TASK PROMPT: Among the entries that follow, the required portion opens with the line containing "Mini equipment manufacture" and closes with the line containing "The Kind-Hearted Crocodile and Alligator". Give that portion again exactly, and nothing else.

PROVIDED DATA:
*-*-*

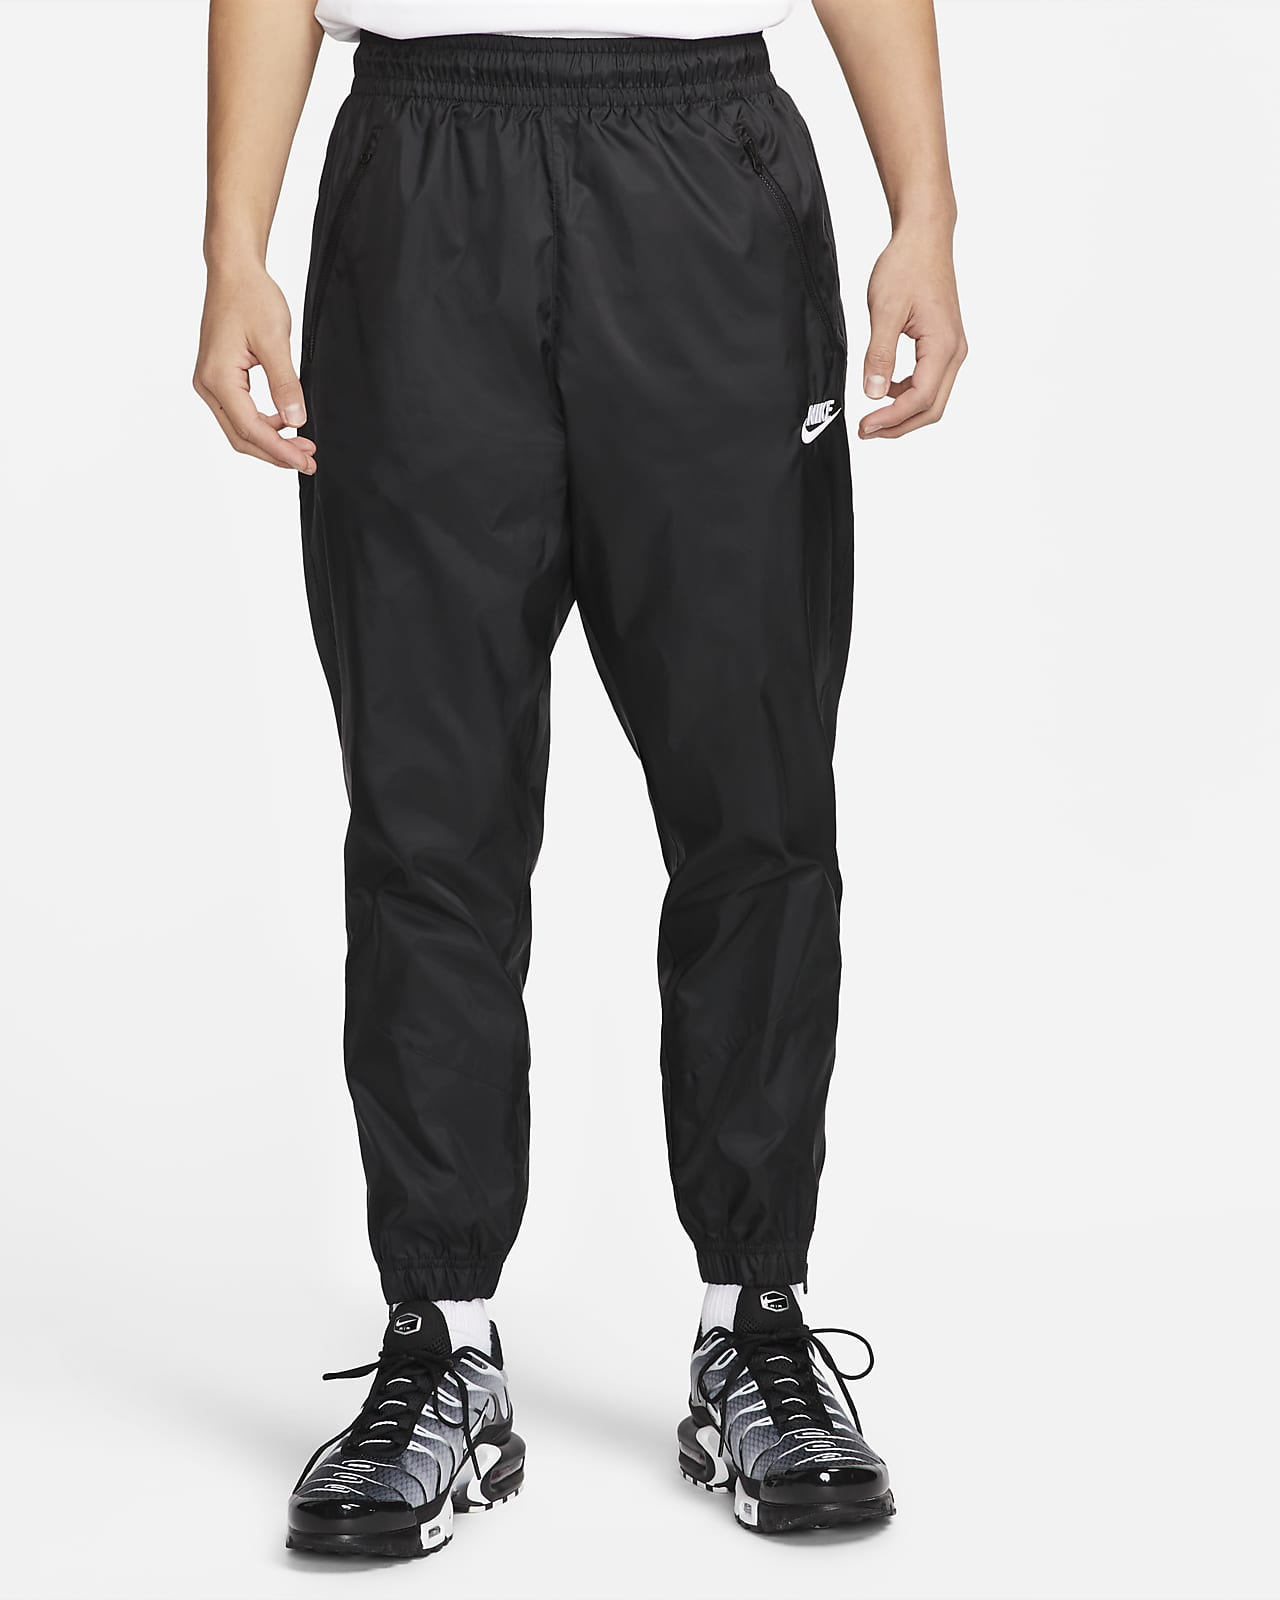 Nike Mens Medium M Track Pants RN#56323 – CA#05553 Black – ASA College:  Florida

*-*-*

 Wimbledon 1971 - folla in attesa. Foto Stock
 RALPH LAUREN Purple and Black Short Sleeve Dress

*-*-*

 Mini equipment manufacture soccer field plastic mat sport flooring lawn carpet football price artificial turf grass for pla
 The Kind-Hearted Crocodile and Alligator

*-*-*

RESPONSE:
 Mini equipment manufacture soccer field plastic mat sport flooring lawn carpet football price artificial turf grass for pla
 The Kind-Hearted Crocodile and Alligator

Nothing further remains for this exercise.